The regulations in 19 C.F.R. 190.51(b)(1)(ii) provide that the eligible drawback amount "is determined by per unit averaging, as defined in 190.2." Per unit averaging "means the equal apportionment of the amount of duties, taxes, and fees eligible for drawback for all units covered by a single line item on an entry summary to each unit of merchandise." 19 C.F.R. 190.2. Additionally, among other data elements, a complete drawback claim must include:
For each designated import entry line item, the entry number and the line item number designating the merchandise, a description of the merchandise, a unique import tracing identification number(s) (ITIN) . . . as well as the following information for the merchandise designated as the basis for the drawback claim: The 10-digit HTSUS classification, amount of duties paid, applicable entered value . . . quantity, and unit of measure (using the unit(s) of measure required under the HTSUS for substitution manufacturing and substitution unused merchandise drawback claims), as well as the types and amounts of any other duties, taxes, or fees for which a refund is requested . . . .

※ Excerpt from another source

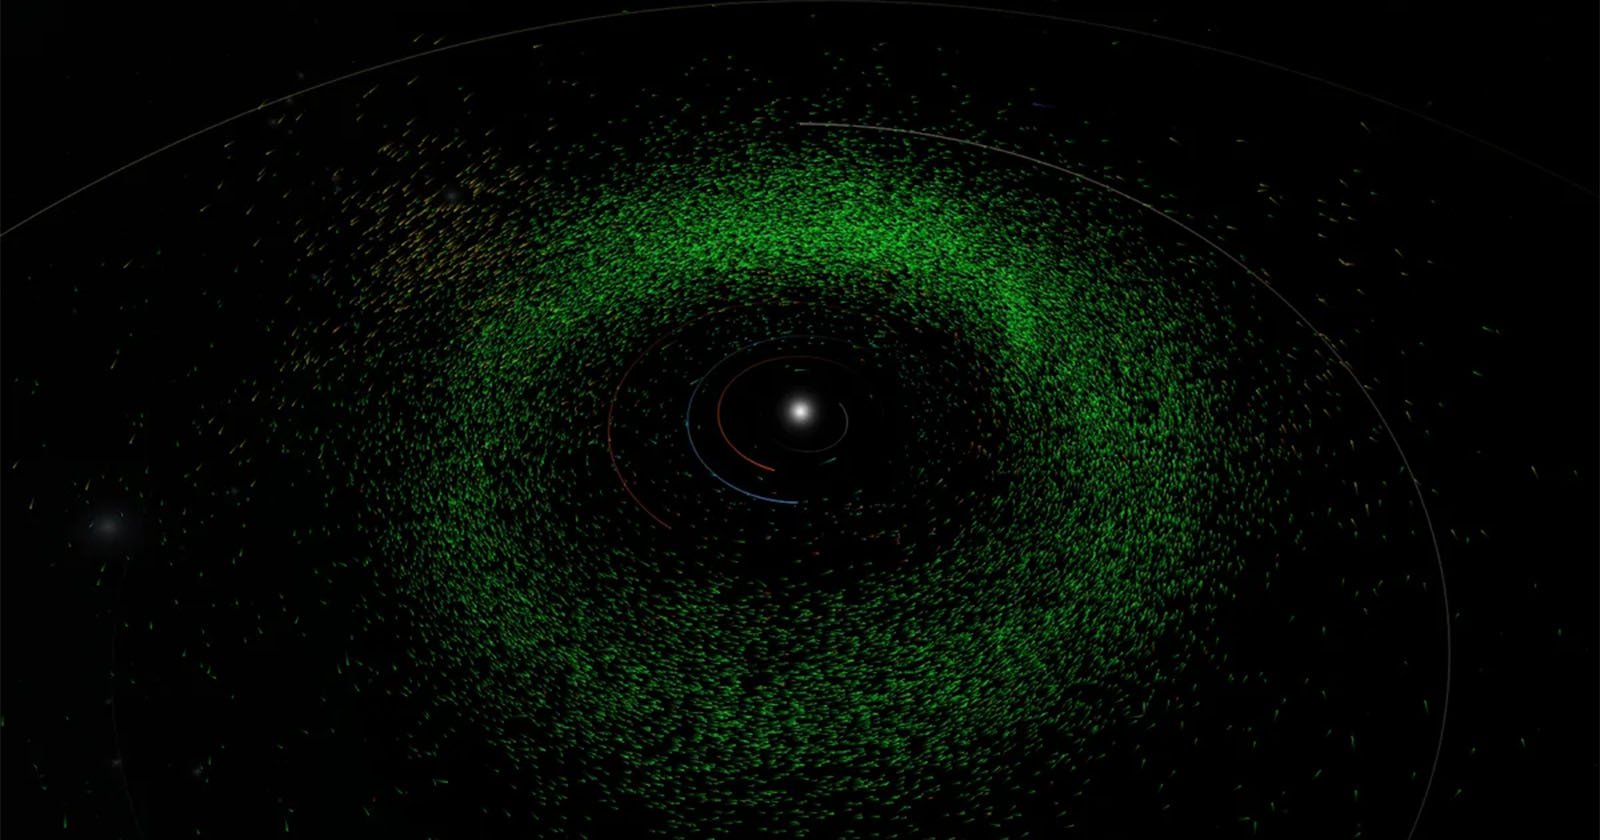 Künstliche Intelligenz findet in vorhandenen Teleskopbildern fast 30.000 unbekannte Asteroiden

19 C.F.R. 190.51(a)(2)(viii).
CBP recently evaluated the drawback eligibility of vehicles manufactured within a FTZ with foreign and domestic status components. CBP concluded that when such vehicles are exported directly from a FTZ, given that only the domestic status components are eligible for drawback, "[t]he amount of duty refund claimed upon the submission of a drawback entry must therefore be limited to the value of the domestic status components within the exported vehicles." Headquarters Ruling Letter ("HQ") H305251 (Dec. 10, 2021) (citing 19 C.F.R. 190.51(a)(2)(vii)). Consequently, a drawback claim on such vehicles required "the deduction of all foreign status components from the value of the manufactured and exported vehicles." Id.
The Company does not challenge the need to deduct the value of all foreign status components from the total value of the finished and exported merchandise for purposes of properly calculating its drawback claim. Rather, the Company seeks confirmation that it can do so by deducting the value and weight of foreign status components from the total value and weight of the exported finished merchandise and then use both to compare to eligible imports.
The Company provided an example whereby it exports 1000 pounds of merchandise from a FTZ made up of $150,000 in total export value. Of that merchandise, 600 pounds and $75,000, is made up of drawback-eligible domestic status merchandise (400 pounds and $75,000 were deducted as foreign status merchandise). If that 600 pounds of merchandise had been imported with a value of $75,000, the total duties paid would have been $2,524.50. The Company's proposed methodology would seek drawback of that $2,524.50 against eligible import duties paid. The import, in the example, was of 1000 pounds of merchandise, with a value of $200,000, and import duties paid totaling $6,732.00. If both value and weight are allowed for consideration in the calculation of eligible drawback in this example, the Company proposes that there would remain 400 pounds of import merchandise that could be used as a "match" for future similar exports for purposes of a drawback claim. If weight is not allowed in the consideration, then the 1000-pound export (prior to excluding foreign status merchandise) is a one-for-one match with the 1000-pound import and there would not remain any further eligibility for the import to be used in a drawback claim.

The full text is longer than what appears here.